A top scientist at the World Health Organization (WHO) on Thursday said the pause in pharmaceutical company AstraZeneca’s coronavirus vaccine study is a “good wake up call,” given “ups and downs in research.”
Dr. Soumya Swaminathan, WHO chief scientist, on Thursday said clinical trial protocols have an operating procedure for managing any side effects among participants.
The New York Times, citing a person familiar with the situation, said an individual in the study came down with transverse myelitis, which the paper described as an inflammatory syndrome in the spinal cord. The paper said it was not clear if there was a connection to the vaccine.
“There is a protocol for what you do if something happens,” Swaminathan said at a media briefing. “If it’s a mild side effect, there are things to be done. If it is major, as it was in this case, it was a severe side event. Therefore the trial was halted.”
She called the pause “normal procedure” and “good clinical practice” because safety is the top priority in clinical trials.

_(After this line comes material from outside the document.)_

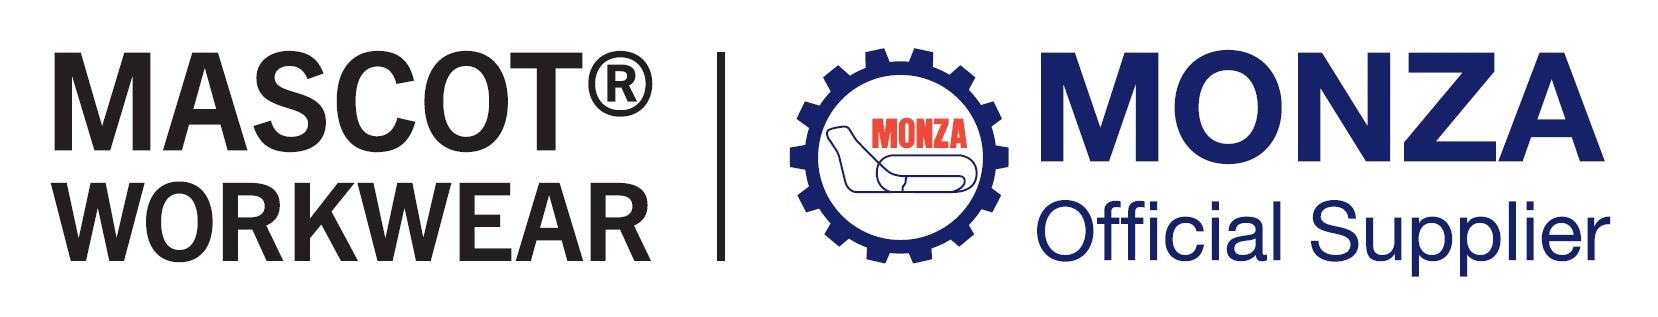 2019 - MASCOT<span>® WORKWEAR -  Monza - logo</span>

“I think this is a good, perhaps a wake-up call or a lesson for everyone to recognize the fact that there are ups and downs in research, there are ups and downs in clinical development and we have to be prepared for those,” she said.

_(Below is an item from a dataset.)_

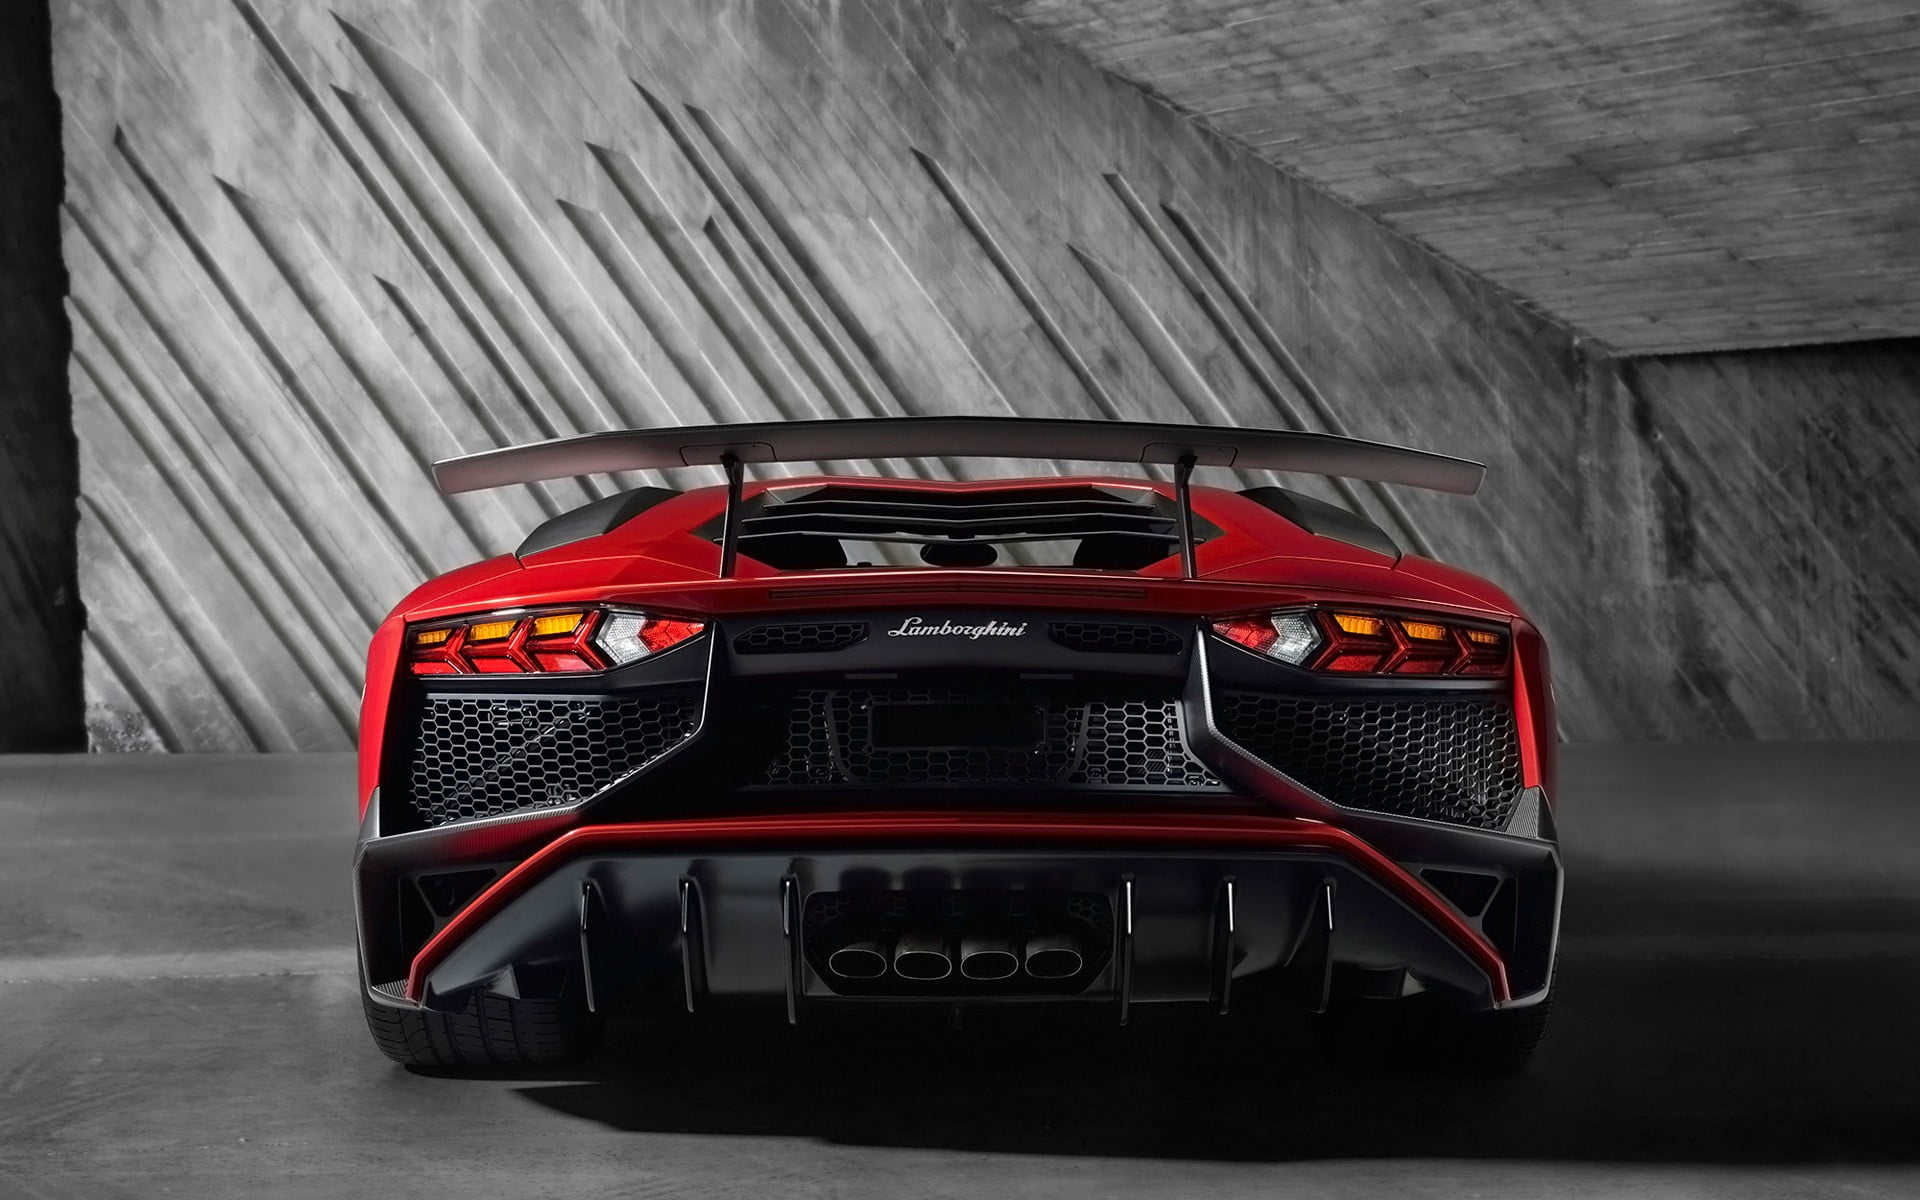 red and black Lamborghini luxury car, Lamborghini Aventador LP750-4 Superveloce

Swaminathan said a data safety monitoring board will examine the details of the side effect and then determine the next steps for the trial.

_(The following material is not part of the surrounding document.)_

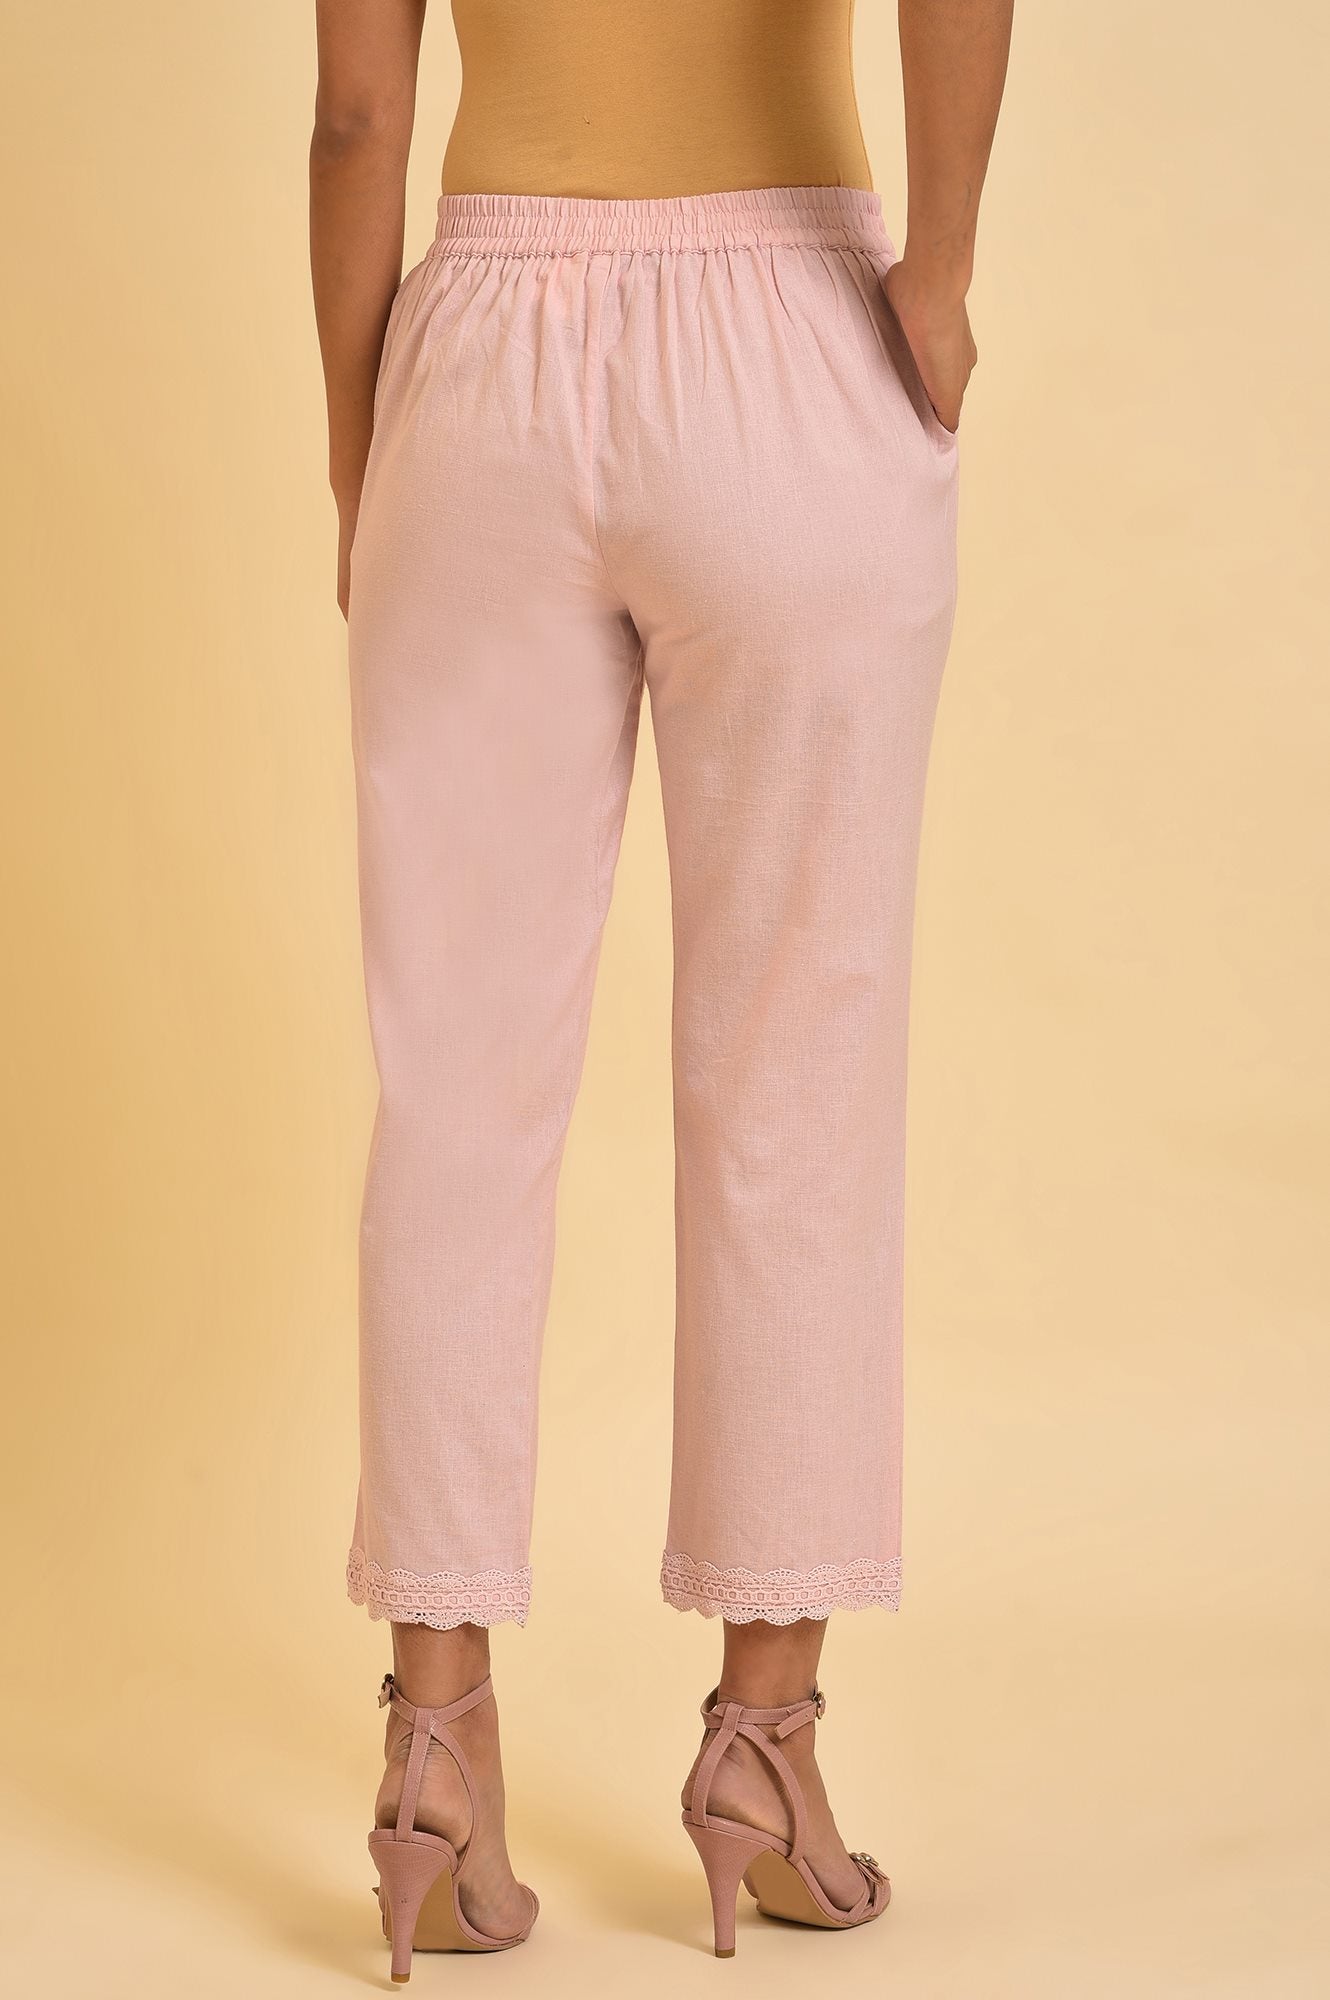 Light Pink Lace Slim Pants

“We hope that things will be able to move on, but again it depends. It depends on a lot and we have to wait to see the details of what actually happened,” she said.
AstraZeneca's CEO, Pascal Soriot, discussed the delay at an online event on Thursday, per Reuters.
“It’s very common, actually, and many experts will tell you this,” Soriot said, per the outlet. “The difference with other vaccine trials is, the whole world is not watching them, of course. They stop, they study, and they restart.”
Nevertheless, the executive reportedly said AstraZeneca expects results by the end of this year, assuming trials can pick up again soon.
Fox News' Frank Miles contributed to this report.